또한, 실시예에서 제안된 방법은 HDP-KS, EMKCA, CTKCCA, MSMDA의 네 가지 다른 이종 결함 예측 방법과 비교될 수 있다. 이종 결함 예측에 대한 경험적 연구는 CTKCCA가 선형 분리 불가분 및 클래스 불균형 문제를 고려하여 가장 잘 수행되며, 그 다음으로 EMKCA가 수행된다고 평가될 수 있다. 메트릭 선택 기반 접근 방식 중에서 HDP-KS가 가장 높은 성능을 보였다. HDP-KS, EMKCA, CTKCCA는 소스 프로젝트를 무작위로 선택했다고 가정했을 때 평가 기준의 평균 또는 중간값을 측정했다. 학습을 위해 타겟 데이터가 필요한 혼합 프로젝트 모델로서의 MSMDA는 매니폴드 판별 정렬을 기반으로 한 다중 소스 선택 방법이다.In addition, the method proposed in the embodiment can be compared with four other heterogeneous defect prediction methods of HDP-KS, EMKCA, CTKCCA, and MSMDA. An empirical study on heterogeneous defect prediction can be evaluated that CTKCCA is best performed considering linear indivisibility and class imbalance problems, followed by EMKCA. Among the metric selection-based approaches, HDP-KS showed the highest performance. HDP-KS, EMKCA, and CTKCCA measured the mean or median of the evaluation criteria assuming that source projects were randomly selected.

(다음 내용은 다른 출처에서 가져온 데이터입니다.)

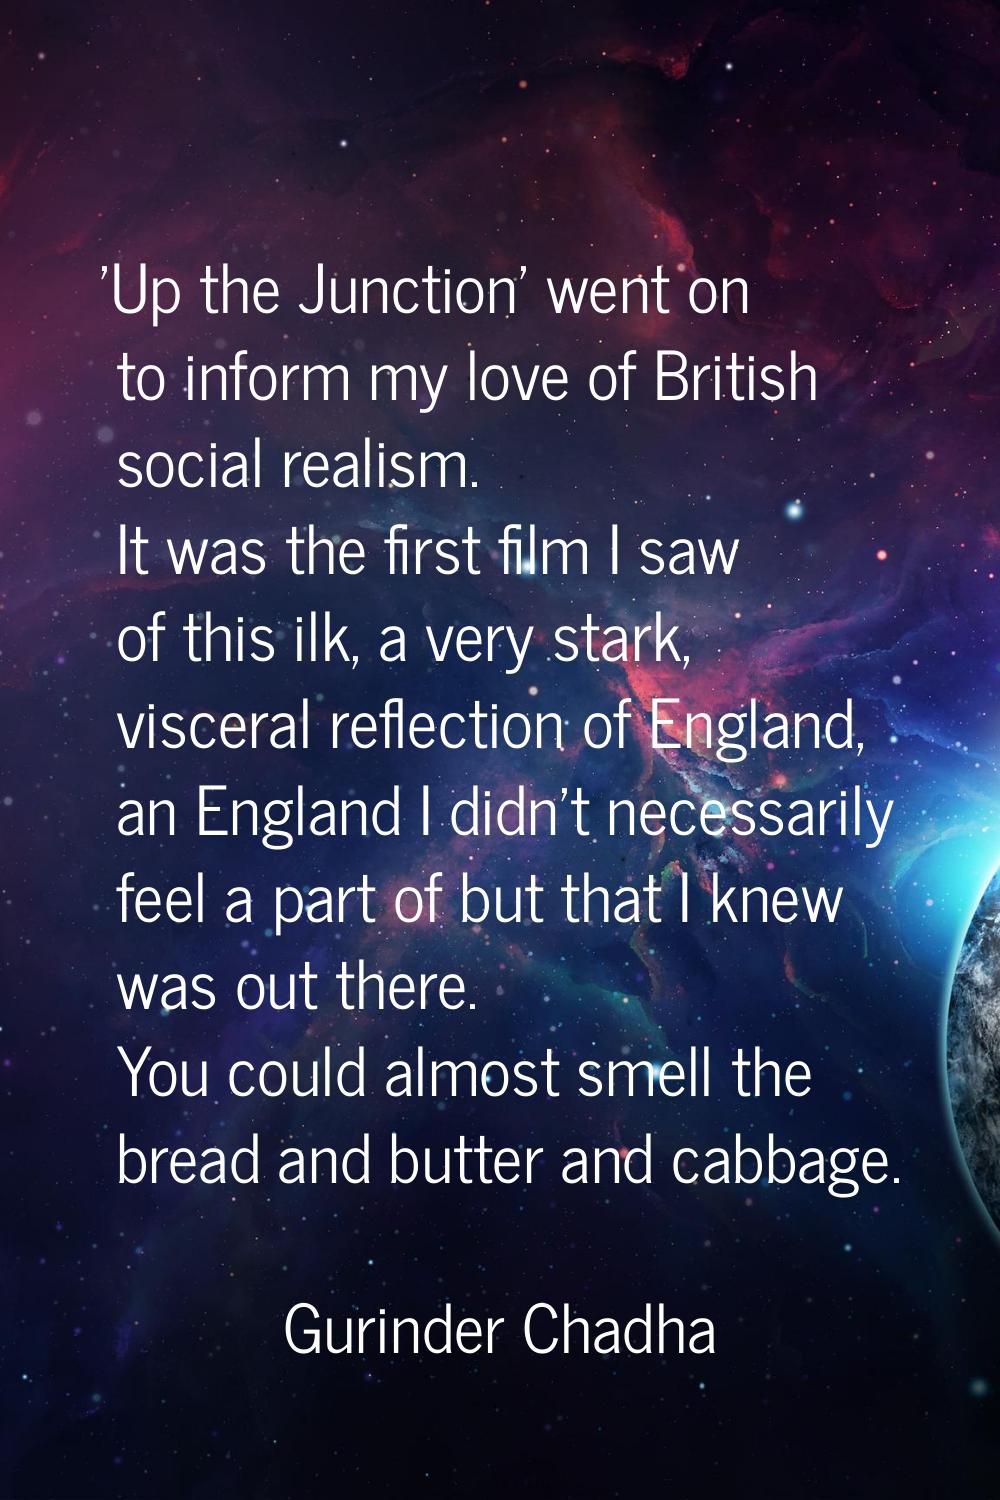 'Up the Junction' went on to inform my love of British social realism. It was the first film I saw 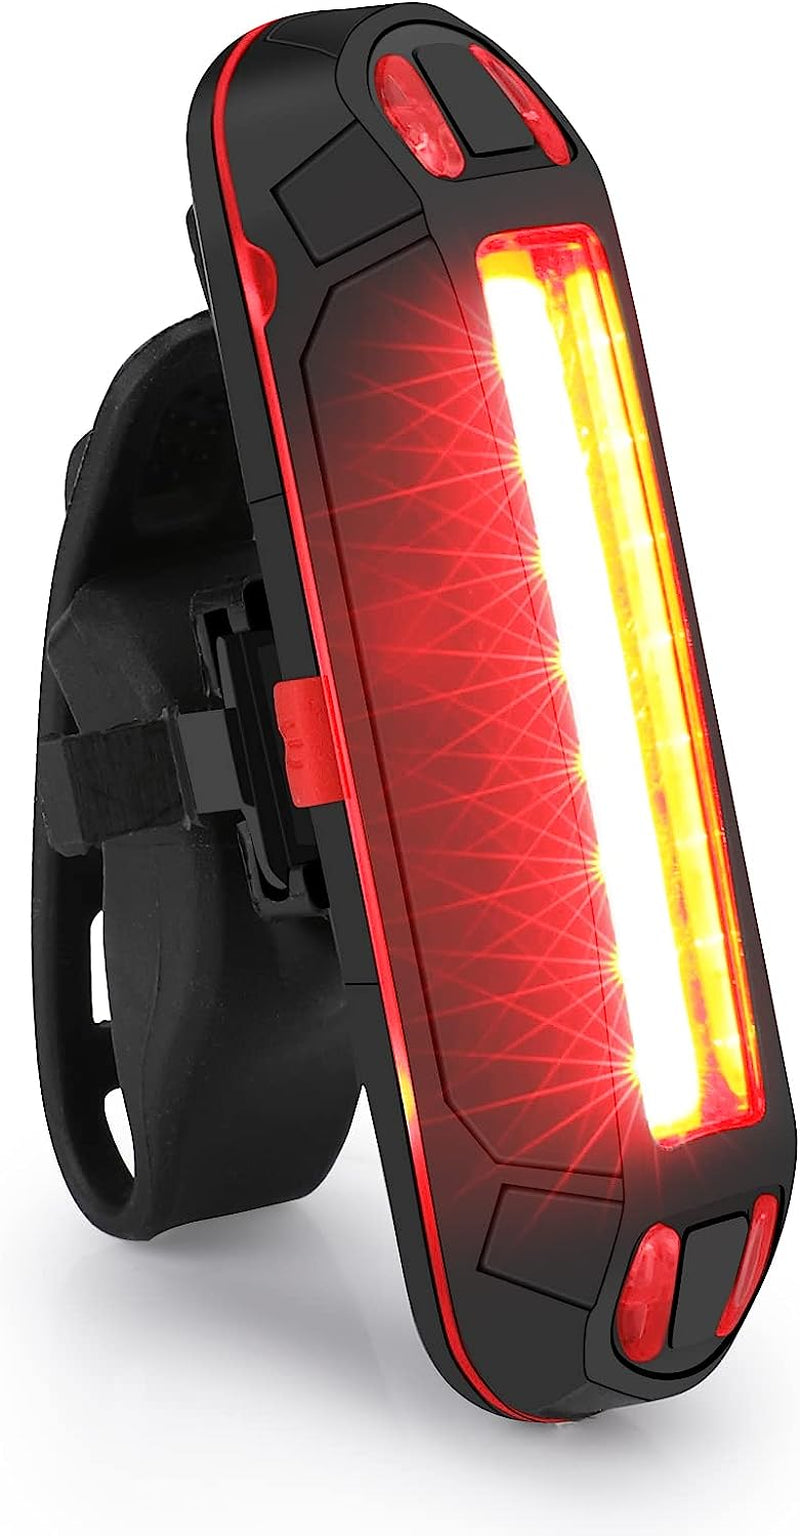 Bike Tail Light,Rechargeable LED Bike Rear Lights, Waterproof Shockproof Bike Back Light for Night Riding, Cycling Flashlight Safety Reflectors Accessories,Fits Adult, Kids MTB

MSMDA as a mixed project model requiring target data for training is a multi-source selection method based on manifold discriminant sorting.

이러한 이종 결함 예측 기술을 평가하기 위하여 일반적으로 사용되는 두 가지 성능 척도, 즉 effort-불인식 성능 지표(NPI라고도 함)를 위한 AUC와 effort-인식 성능 지표(EPI)를 위한 ACC이 사용될 수 있다. Two commonly used performance metrics can be used to evaluate these heterogeneous defect prediction techniques: AUC for effort-unrecognized performance metric (also called NPI) and ACC for effort-perceived performance metric (EPI).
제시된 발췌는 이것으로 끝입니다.